China’s State Archives Administration this week released a new collection of documents on the “Imperial Japanese Army’s sex slaves,” euphemistically referred to as comfort women, sharing new evidence through never-before-seen military reports and letters. On Monday, they included a Japanese government document from a record office in Heilongjiang province in northeast China.

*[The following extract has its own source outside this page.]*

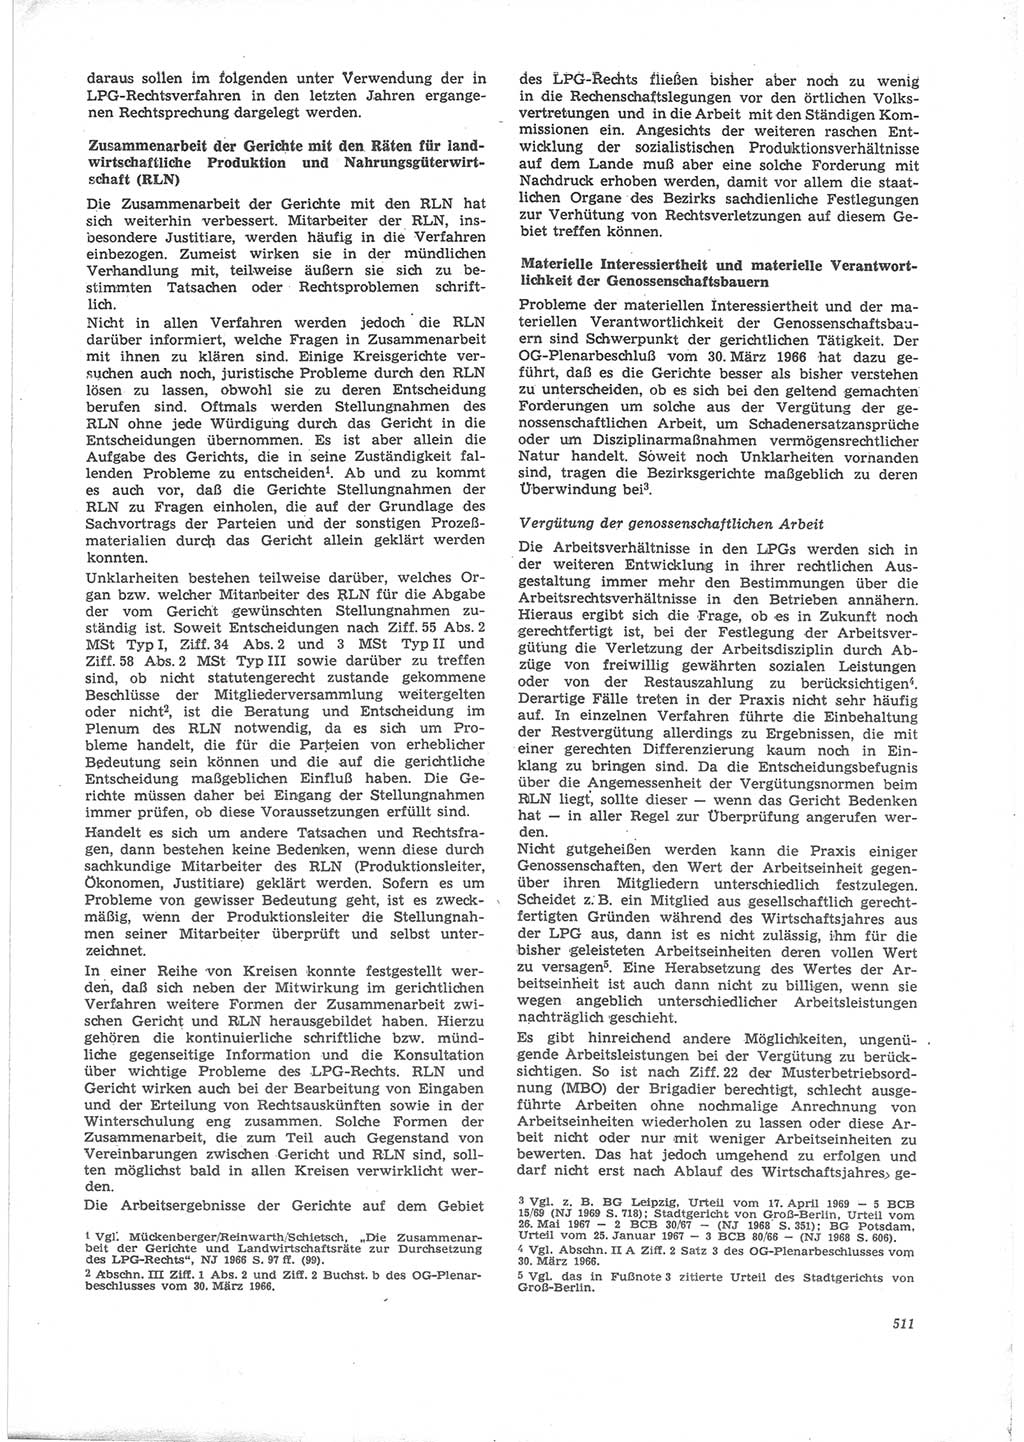 Neue Justiz (NJ), Zeitschrift für Recht und Rechtswissenschaft [Deutsche Demokratische Republik (DDR)], 24. Jahrgang 1970, Seite 511 (NJ DDR 1970, S. 511)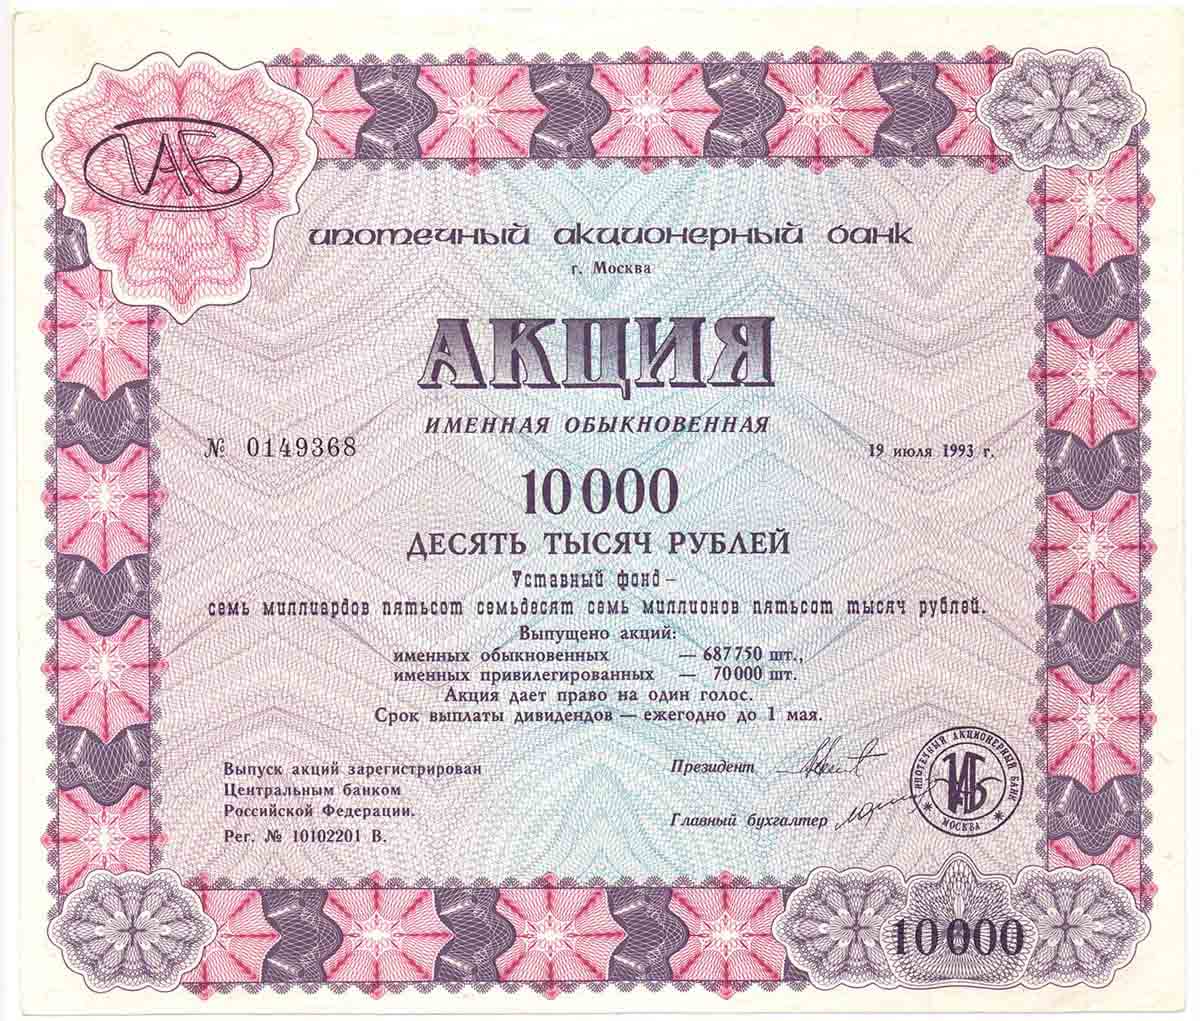 Ипотечный акционерный банк. Москва, 1993.

Chinese media said the Japanese document detailed the drafting of Koreans to work at comfort stations in several regions throughout northeastern China in 1941. The record from the Japanese puppet state of Manchukuo described that “in October 1941, the Japanese army opened a military comfort station in locations such as Mudanjiang and Suifenhe [in Heilongjiang], where they brought dozens of Korean women and forced them to work as sex slaves.”

Of the documents preserved in the Heilongjiang archives, No. 890 and No. 1,064 show that on Oct. 20, 1941, Takahashi, a general of a Japanese military police unit in Suiyang, Heilongjiang, explained to another general who headed a unit in Suifenhe, “These women are part of 2,000 who were forcibly conscripted from Korea.”

It also describes how Korean women were tricked by the Japanese military and told they would be working “at a restaurant for Japanese soldiers.”

It details specific dates, allowed recreational time and designated comfort women for the different military ranks. It also says that in addition to the brothels run directly by the Japanese army, there were private ones run by Japanese and even makeshift comfort stations aboard ships and trains.

Another report dated Feb. 19, 1938, from a Japanese military police brigade commander in central China says that comfort women were dispatched in proportion to the number of its soldiers. For 25,000 Japanese troops stationed in Nanjing in eastern China, there were 141 sex slaves. This is a ratio of one so-called comfort woman for every 178 soldiers.

However, in Jilin province, northeast China, there were not enough sex slaves and one woman had to serve 267 soldiers. Thus, more women were forcibly recruited locally, the document describes.

The documents revealed by the State Archives Administration also show how women in Indonesia and other Southeast Asian countries were forced into sexual slavery as well.

Qi Xiujuan, head of the Heilongjiang provincial records office, told reporters, “The sexual slavery system infringed upon female human rights and was the cruelest crime, as it physically and mentally plundered the women.”

Ahead of China’s upcoming commemoration of the 70th anniversary of Japan’s surrender next month, the State Archives Administration has also been revealing a series of videos detailing evidence of Japan’s aggressions against women during wartime. From Saturday, it began releasing one video a day in an eight-part series.

“These horrific, institutionalized acts of violence committed by Japanese invaders… constitute state crimes and gross violation of the human rights of the victimized women,” the archive administration says in a preface to its videos.